A response from John Handley, who seems to favor an ex ante judgment call approach, and who also comments below.
Regarding one of the comments, I am using "RBC" as a generic term for DSGE without sticky prices (which I think is what Wren-Lewis means). The first RBC model (Kydland-Prescott) was the first DSGE model.
II.
And a referral to Eric Lonergan on eclecticism (multiple models with different scopes). This is a great point:
I think the ex post/ex ante problem [Noah Smith] describes is a much more general problem, particularly in areas like economics where you cannot assume the “uniformity of nature”, to borrow a phrase from Hume. ... Now [uniformity of nature] is definitively not true in much of economics, because the structure of the economy is changing. It is highly likely that a model which did explain wage behaviour in the 1970s – and had predictive power in the 1970s – is no longer valid.I would agree that this may truly be the case, which does render my favored "framework" approach moot. But a) if you only have a decade at a time macro model validity, you could never gather enough data to demonstrate its validity, b) is an implicit theory of how economies operate and c) I think this represents a kind of resignation. We don't have any specific evidence that you can never have a big theory/framework, or one that can operate across decades.
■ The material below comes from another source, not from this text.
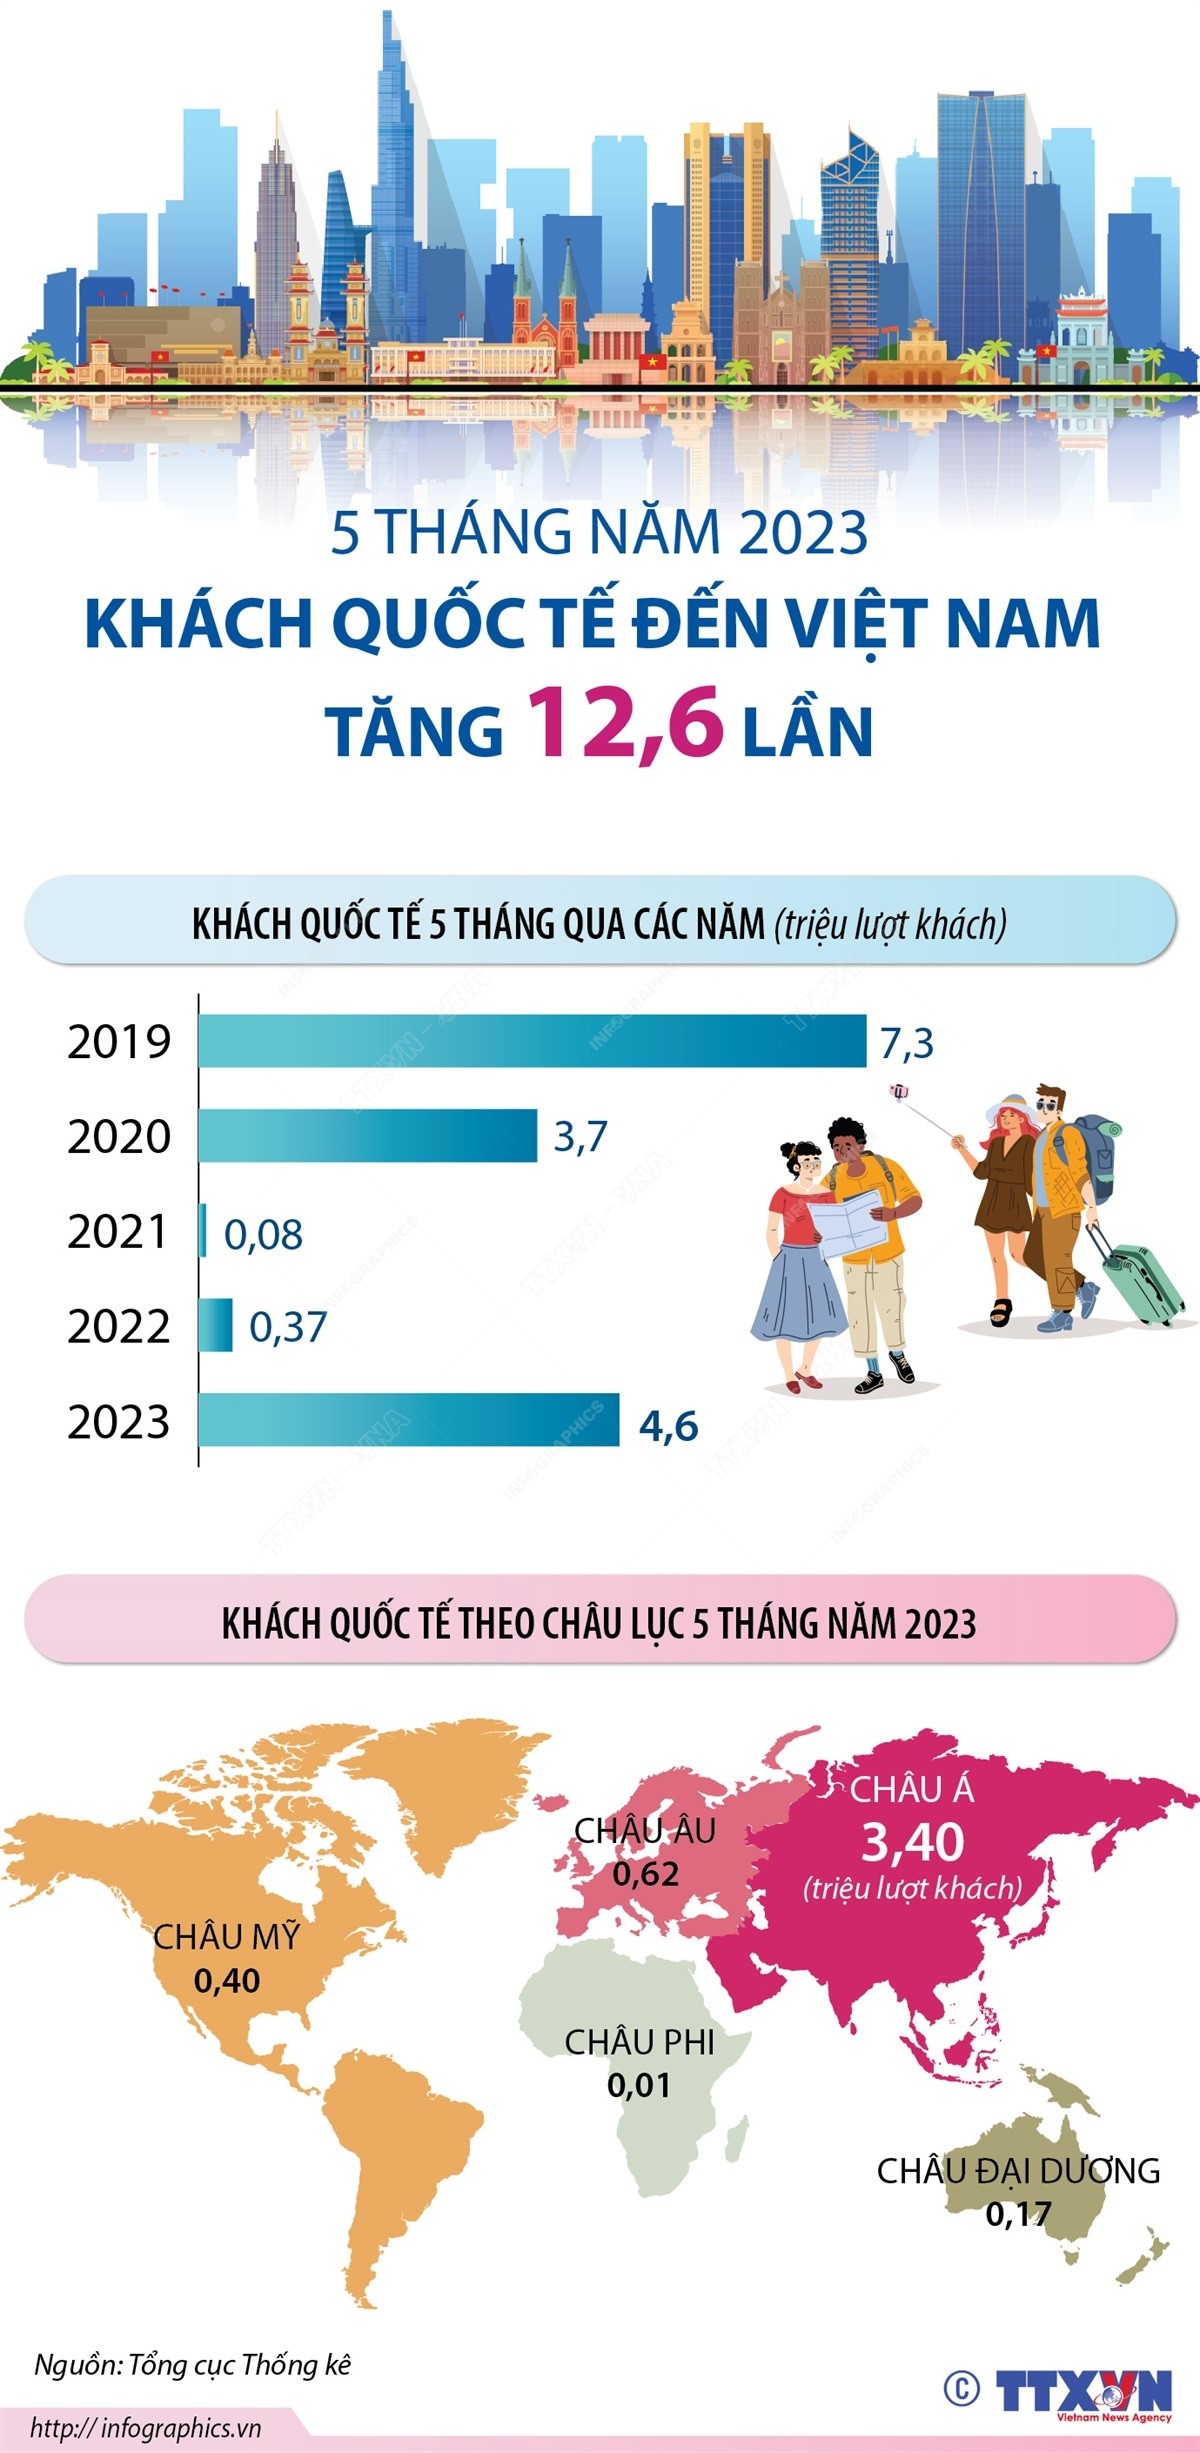 5 tháng năm 2023, khách quốc tế đến Việt Nam tăng 12,6 lần

We haven't really exhausted the set of possible frameworks to say let's stop trying for a big theory. A lack of imagination (or being difficult to find) is not proof that such things don't exist. I make a similar point in this post (just substitute "state-dependent" with "eclectic") using the example of quantum mechanics. If physicists had decided to just say physics was state dependent, we never would have had the new framework of quantum mechanics. But as Eric says, lack of state dependence is a more intuitive assumption in physics than economics which is a great counterpoint.
Eric does say something else I think is "great, if true":
In fact, that is precisely why an eclectic approach is more rigorous – it requires us to define the regime in which the theory is applicable (perhaps requiring valid micro-foundations) – we are making no claim to universal validity.That would be great! But economic models never seem to state these regimes (scope conditions). Models are presented as if they apply in any decade, for any country, for upwards of 20 years at a time (on that last one, check out Woodford's presentation [pdf] which has a graph that goes out 20 years and talks about expectations at infinity).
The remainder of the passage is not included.